Records from a data collection:
::::::::::
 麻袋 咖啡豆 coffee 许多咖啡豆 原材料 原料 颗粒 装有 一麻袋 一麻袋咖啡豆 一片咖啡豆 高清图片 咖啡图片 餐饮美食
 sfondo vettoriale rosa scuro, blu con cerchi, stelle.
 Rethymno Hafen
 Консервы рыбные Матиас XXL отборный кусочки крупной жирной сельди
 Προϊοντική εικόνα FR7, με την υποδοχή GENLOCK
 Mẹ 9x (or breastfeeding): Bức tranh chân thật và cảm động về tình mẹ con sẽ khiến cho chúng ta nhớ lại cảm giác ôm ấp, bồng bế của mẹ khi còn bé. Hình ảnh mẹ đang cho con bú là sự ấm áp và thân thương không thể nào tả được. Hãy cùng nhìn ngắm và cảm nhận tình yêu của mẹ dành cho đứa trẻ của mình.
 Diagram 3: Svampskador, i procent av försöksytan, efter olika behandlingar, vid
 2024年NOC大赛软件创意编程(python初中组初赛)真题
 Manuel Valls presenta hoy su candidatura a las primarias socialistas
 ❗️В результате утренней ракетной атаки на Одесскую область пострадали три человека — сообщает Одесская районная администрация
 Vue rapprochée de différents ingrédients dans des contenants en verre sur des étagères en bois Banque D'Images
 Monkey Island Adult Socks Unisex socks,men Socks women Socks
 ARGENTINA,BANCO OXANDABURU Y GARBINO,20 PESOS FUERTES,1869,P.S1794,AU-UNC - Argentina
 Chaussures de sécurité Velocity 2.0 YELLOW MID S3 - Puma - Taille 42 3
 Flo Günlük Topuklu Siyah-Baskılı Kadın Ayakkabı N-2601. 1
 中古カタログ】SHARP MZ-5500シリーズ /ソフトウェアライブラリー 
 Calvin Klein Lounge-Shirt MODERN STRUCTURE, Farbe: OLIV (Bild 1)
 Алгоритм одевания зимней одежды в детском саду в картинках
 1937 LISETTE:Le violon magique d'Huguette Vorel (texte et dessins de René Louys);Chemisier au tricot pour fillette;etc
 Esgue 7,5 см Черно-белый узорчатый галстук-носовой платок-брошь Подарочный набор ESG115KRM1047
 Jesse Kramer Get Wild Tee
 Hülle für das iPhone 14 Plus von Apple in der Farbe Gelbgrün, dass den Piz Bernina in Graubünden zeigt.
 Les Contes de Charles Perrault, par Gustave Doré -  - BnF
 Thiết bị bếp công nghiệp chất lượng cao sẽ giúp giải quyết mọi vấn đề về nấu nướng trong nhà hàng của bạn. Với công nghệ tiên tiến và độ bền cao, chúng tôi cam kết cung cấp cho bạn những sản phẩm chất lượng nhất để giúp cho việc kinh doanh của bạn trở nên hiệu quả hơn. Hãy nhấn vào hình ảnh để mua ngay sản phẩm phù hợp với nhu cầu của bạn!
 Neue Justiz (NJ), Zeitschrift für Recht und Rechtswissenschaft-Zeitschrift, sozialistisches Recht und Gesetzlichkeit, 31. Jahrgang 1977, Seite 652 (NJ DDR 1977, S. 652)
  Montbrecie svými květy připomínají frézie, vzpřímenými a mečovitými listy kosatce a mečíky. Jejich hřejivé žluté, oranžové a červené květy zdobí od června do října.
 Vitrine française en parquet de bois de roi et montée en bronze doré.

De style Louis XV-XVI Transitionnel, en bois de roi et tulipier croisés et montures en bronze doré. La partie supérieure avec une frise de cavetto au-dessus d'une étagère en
::::::::::
# TASK PROMPT:
Using the records above, select and copy every line that has the word "chúng".

# RESPONSE BOX:
 Mẹ 9x (or breastfeeding): Bức tranh chân thật và cảm động về tình mẹ con sẽ khiến cho chúng ta nhớ lại cảm giác ôm ấp, bồng bế của mẹ khi còn bé. Hình ảnh mẹ đang cho con bú là sự ấm áp và thân thương không thể nào tả được. Hãy cùng nhìn ngắm và cảm nhận tình yêu của mẹ dành cho đứa trẻ của mình.
 Thiết bị bếp công nghiệp chất lượng cao sẽ giúp giải quyết mọi vấn đề về nấu nướng trong nhà hàng của bạn. Với công nghệ tiên tiến và độ bền cao, chúng tôi cam kết cung cấp cho bạn những sản phẩm chất lượng nhất để giúp cho việc kinh doanh của bạn trở nên hiệu quả hơn. Hãy nhấn vào hình ảnh để mua ngay sản phẩm phù hợp với nhu cầu của bạn!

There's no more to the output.